What's not in this version yet
Honest disclosure so expectations match reality:
- Synthetic bond universe. The 500 bonds in Vesper today are generated with realistic distributions but are not real CUSIPs. Real EMMA / paid-API ingestion is on the roadmap, but production data isn't live yet.
- No PDF export. @react-pdf is installed but no templates are wired. Advisors can't yet hand a client a polished ladder report.
- Create-only CRUD. Clients and ladders can be created but not edited or deleted. List-only review for now.
- No quota/billing enforcement. Plan tiers exist in the schema (Starter / Professional / Enterprise with 3/8/15 ladders per month) but nothing enforces them.
- No audit log writes. Schema for audit entries exists, nothing emits them yet.

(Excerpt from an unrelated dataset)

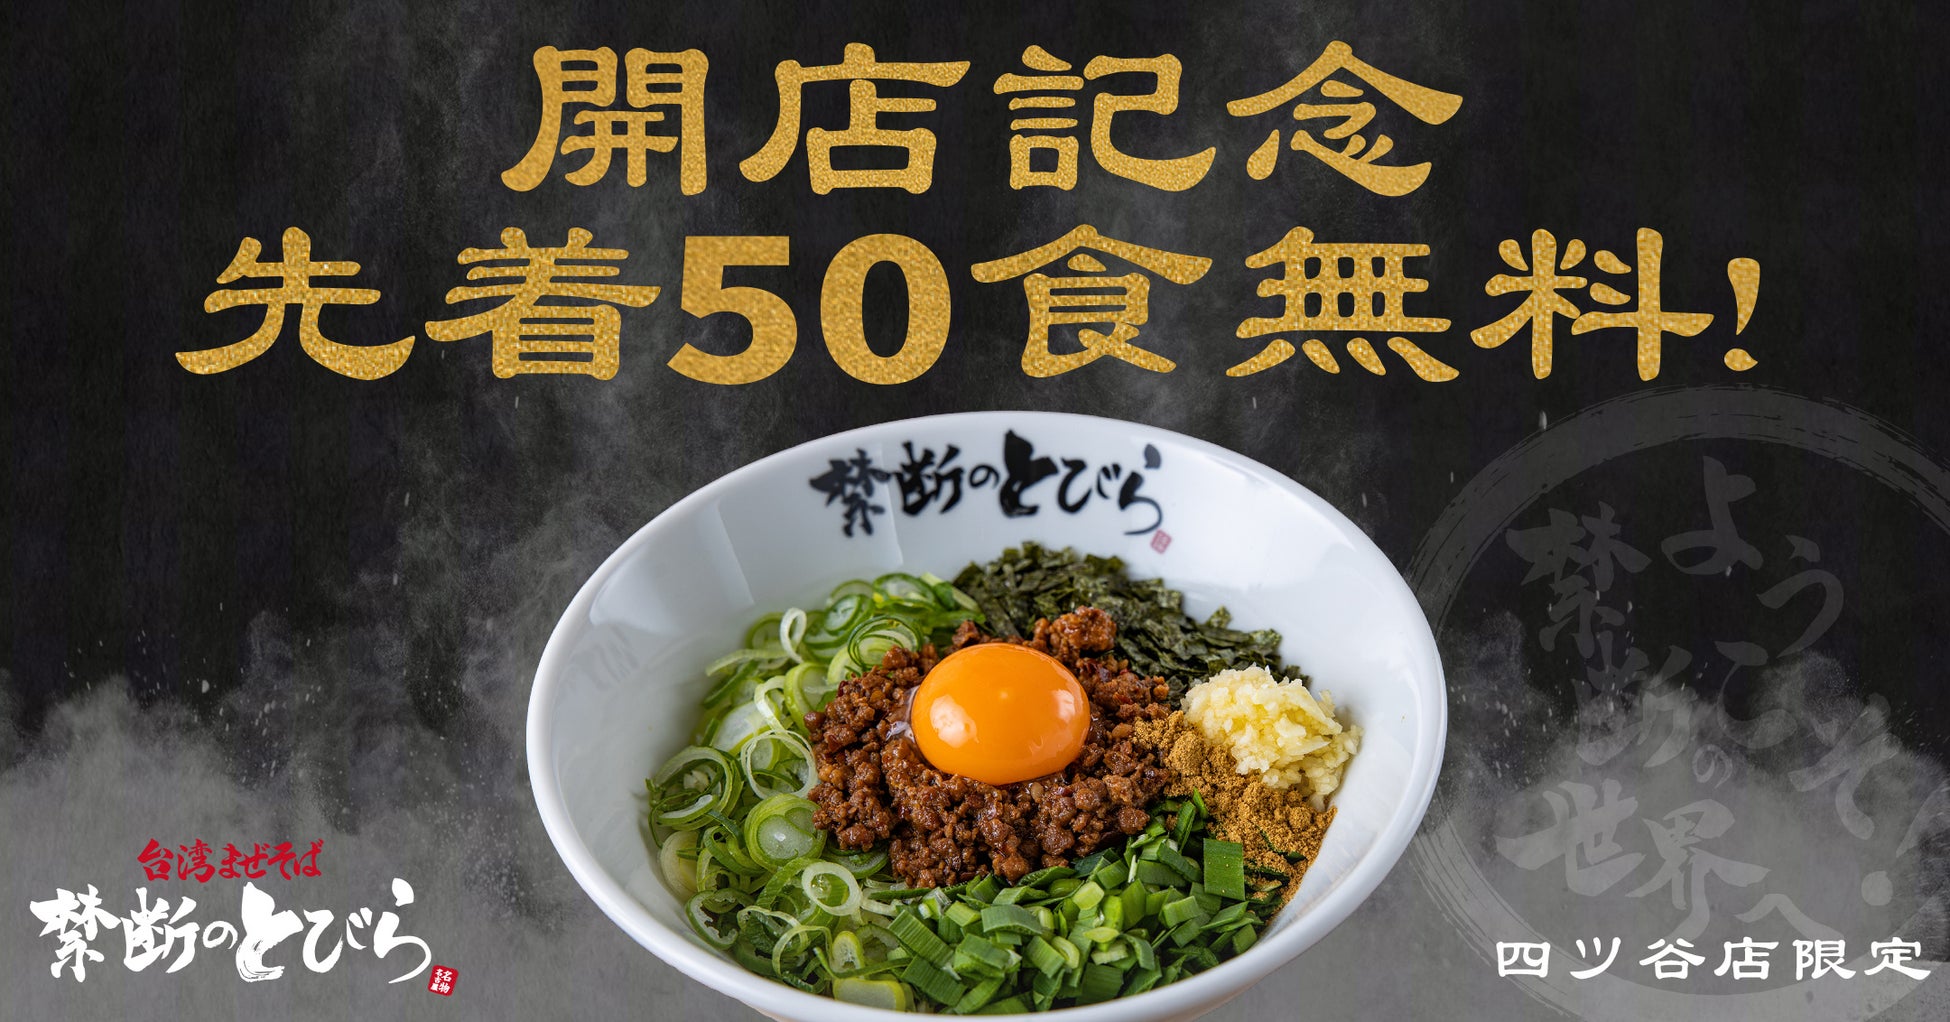 【先着50食無料】台湾まぜそば『禁断のとびら』四ツ谷店が6月8日（木）OPEN！8日〜11日までの4日間は1日先着50食無料キャンペーンを実施致します。

- Test-user only auth. The Google OAuth app is in Testing status (capped at 100 whitelisted emails). Publishing requires Google verification, a 1–2 week review.
Where to find the numbers
All "magic numbers" that shape ladder results live in optimizer/constants.py in the repo at rk-stacks/vesper. That file is the single place to adjust AMT thresholds, scoring weights, solver timeouts, and default in-state percentages.
The tax-year bucket for the AMT threshold (currently 0.32 for 2024/2025 brackets) should be reviewed annually as brackets shift.